WHAT TO DO: Please retype the listing below word for word and exclude its images.

DATASET EXCERPT:
■ ■ ■ ■
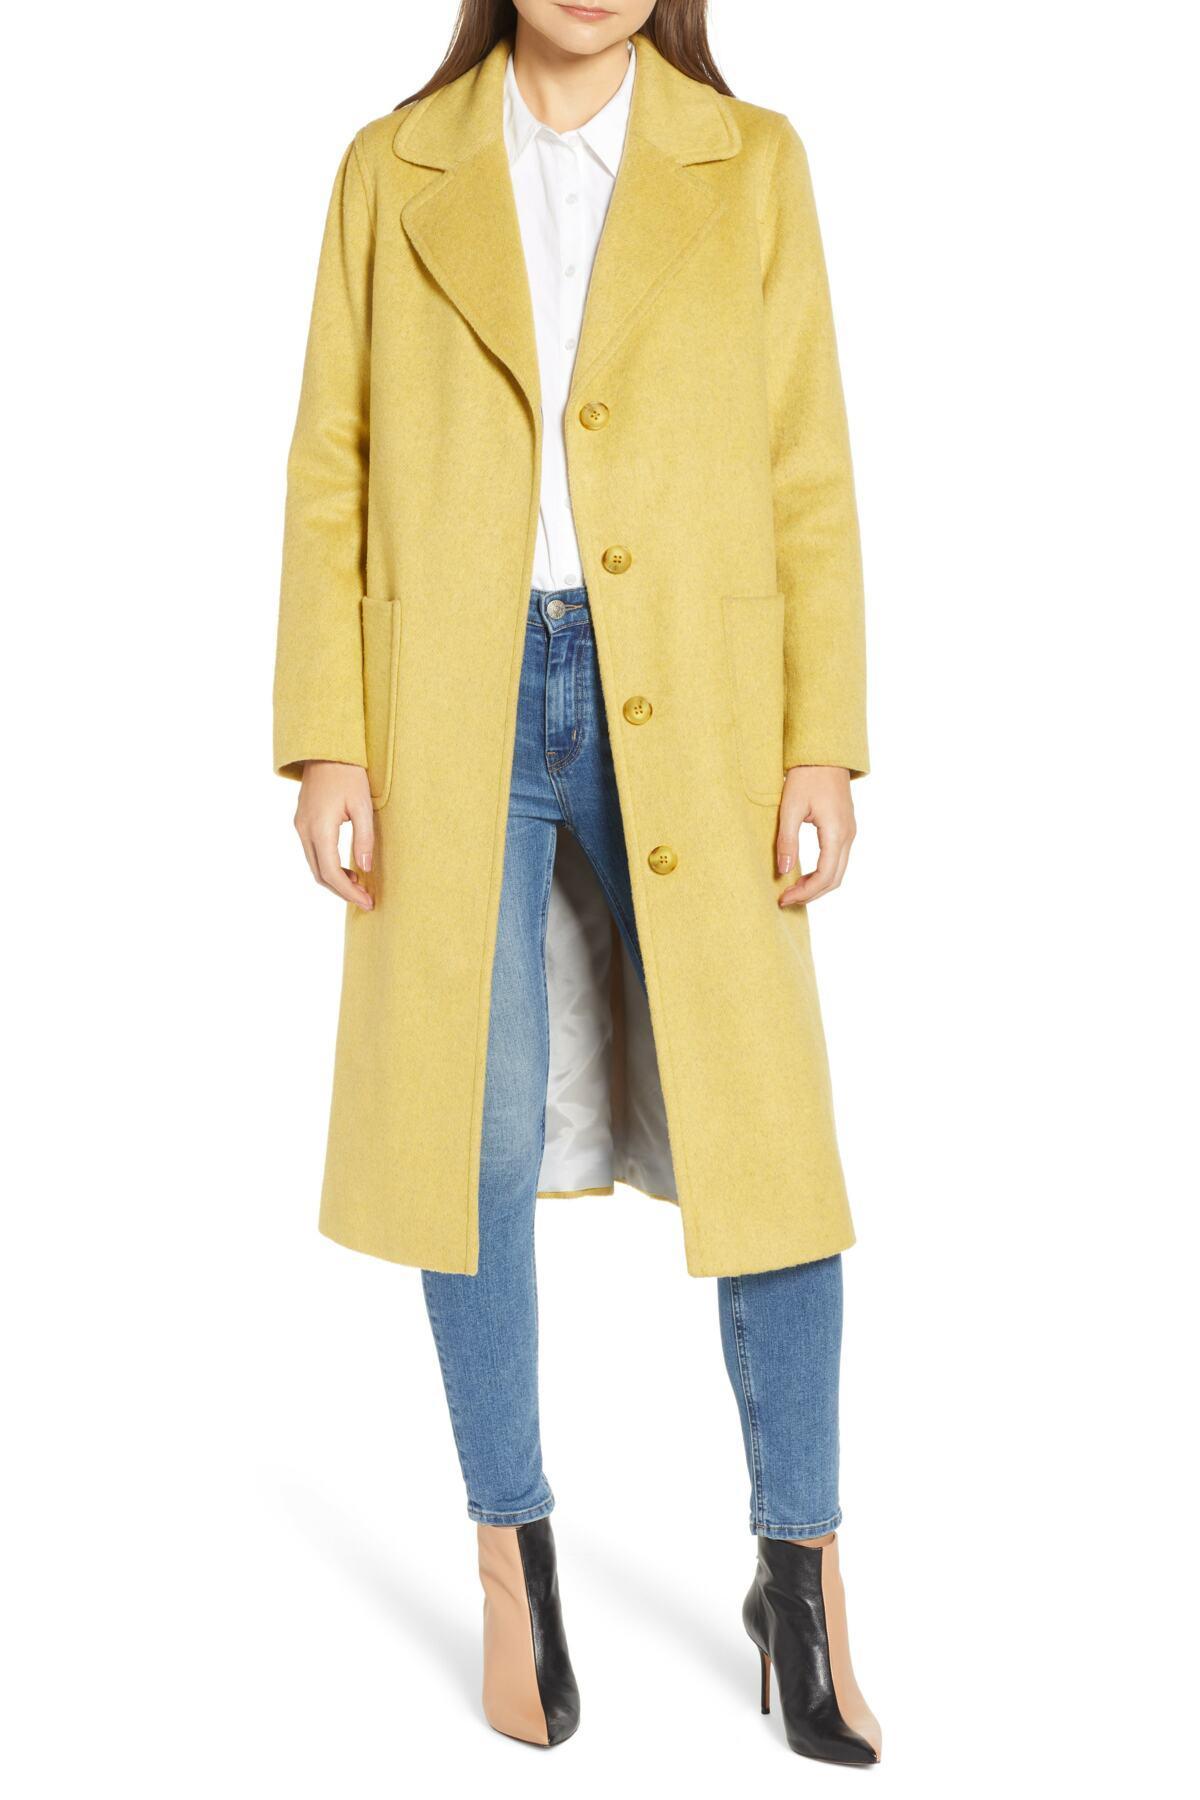 345a3c4bb563 Helene Berman Ruth Knee Length Coat in Yellow - Lyst
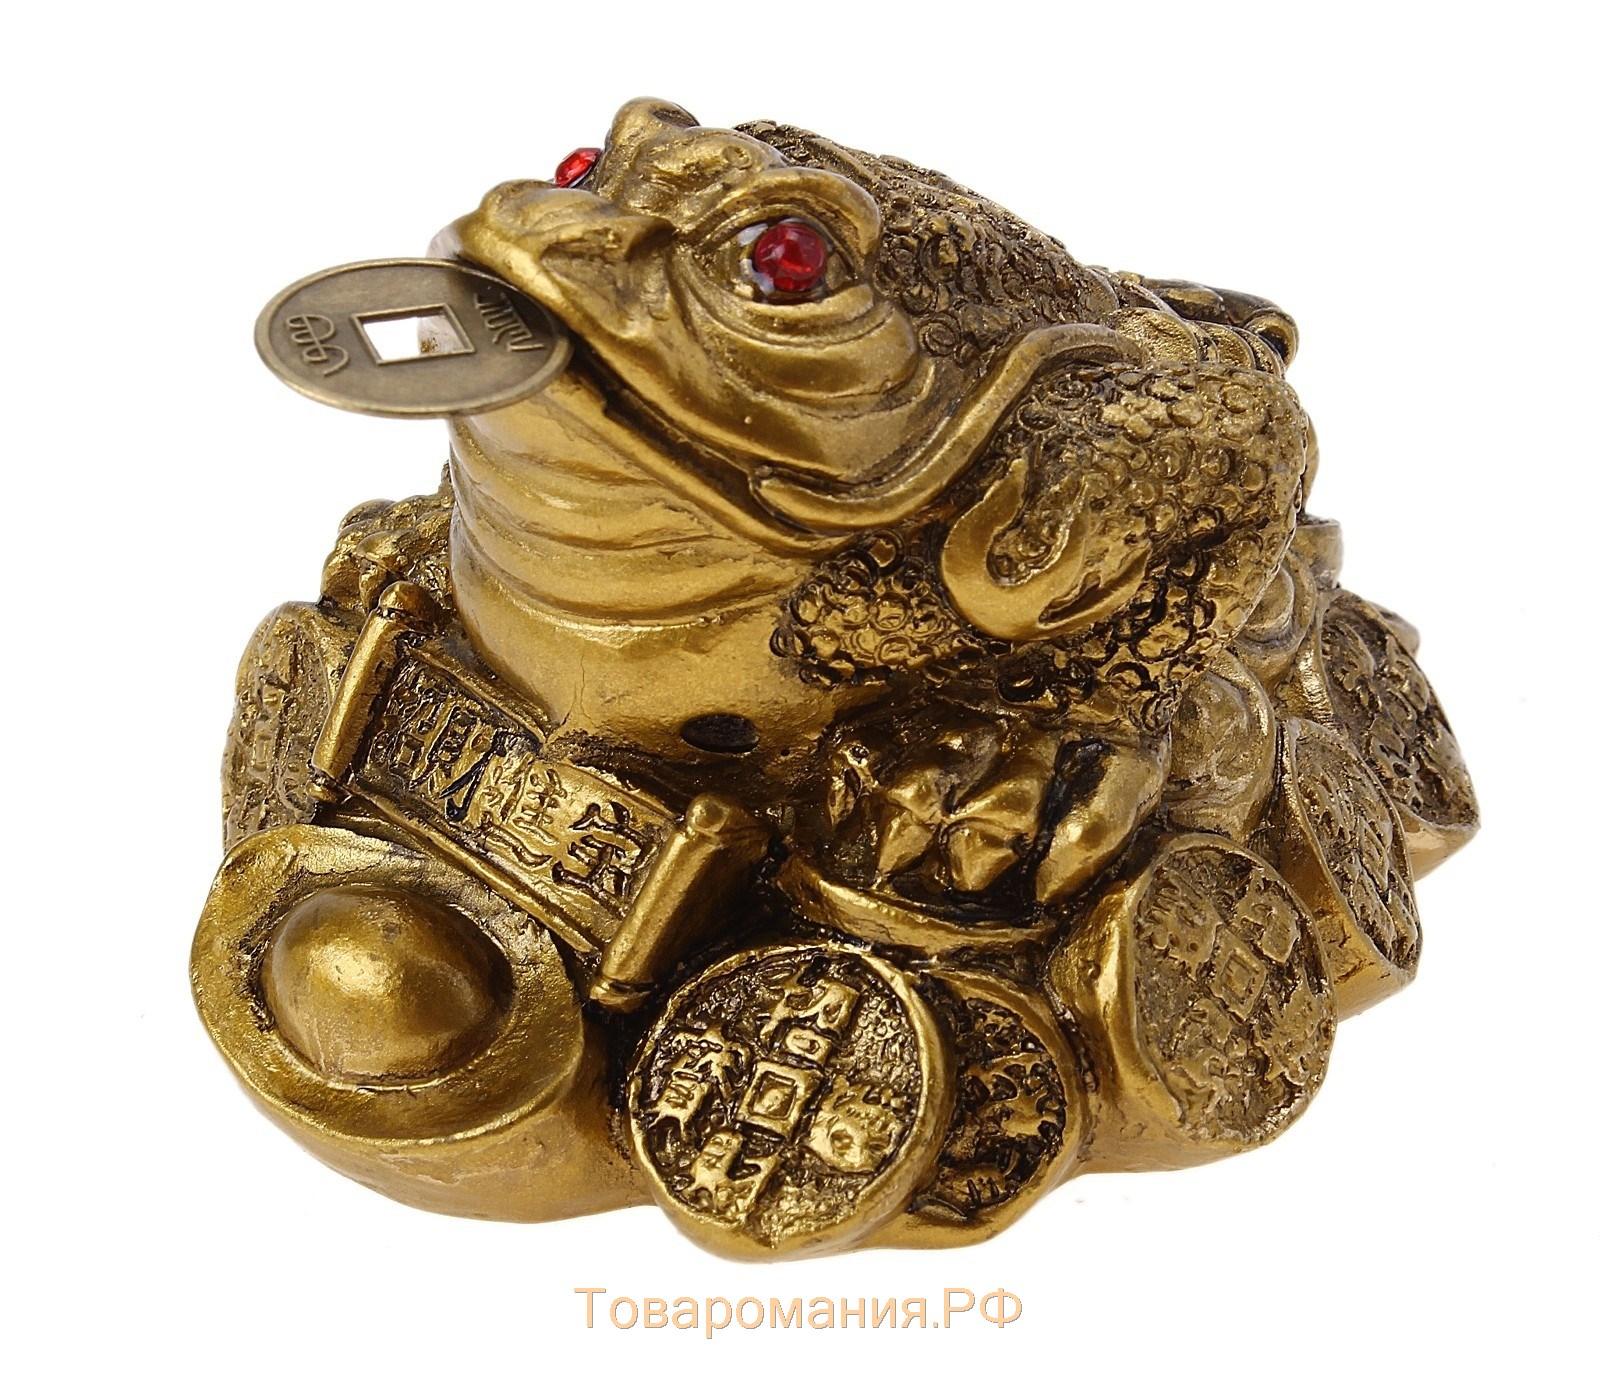 Жаба на куче монет и жемчуга (13 см)
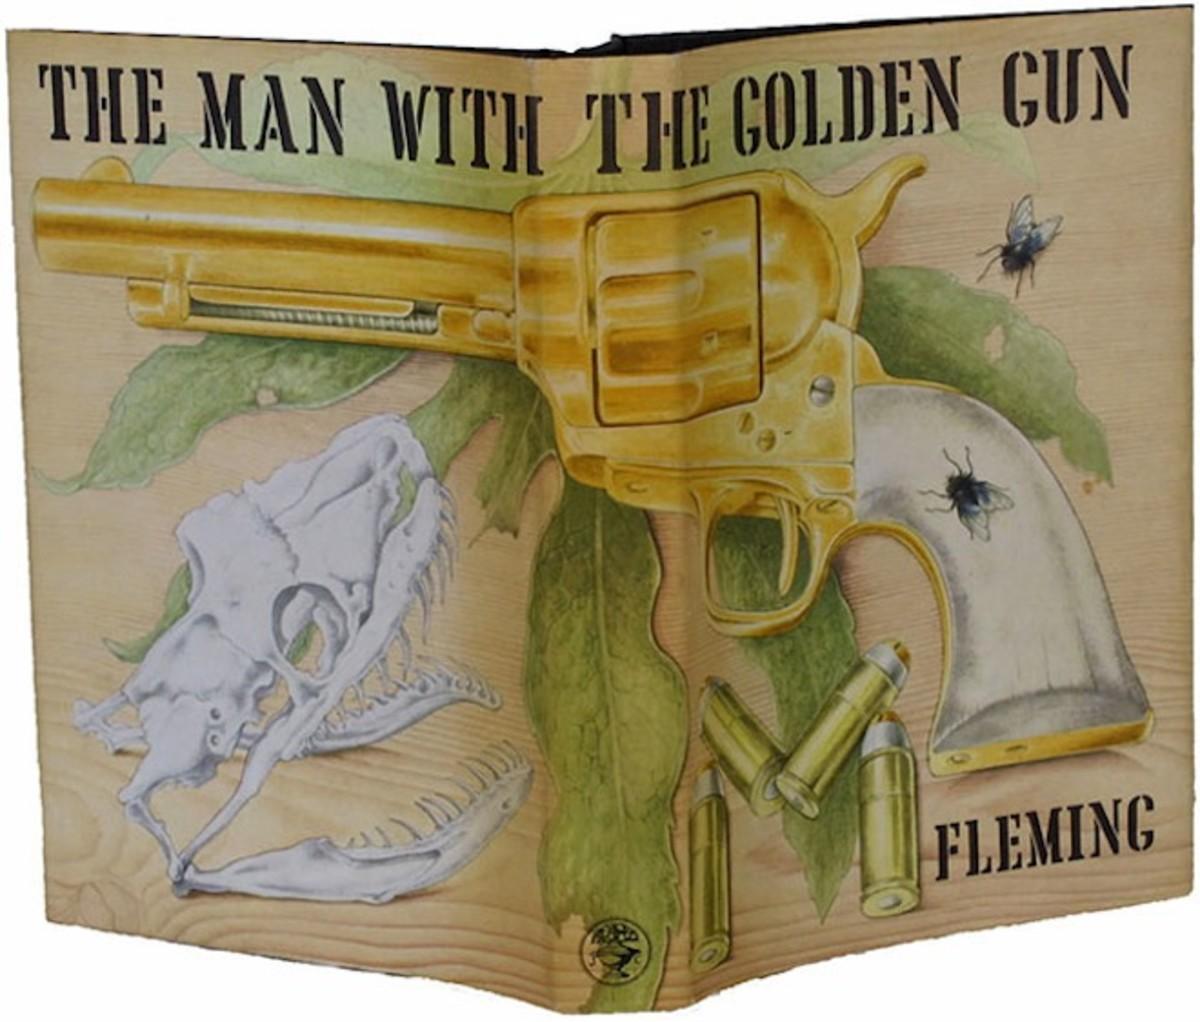 man-with-the-golden-gun-book-cover_ian-fleming
■ ■ ■ ■
RESULT OF THE EXERCISE:
 345a3c4bb563 Helene Berman Ruth Knee Length Coat in Yellow - Lyst
 Жаба на куче монет и жемчуга (13 см)
 man-with-the-golden-gun-book-cover_ian-fleming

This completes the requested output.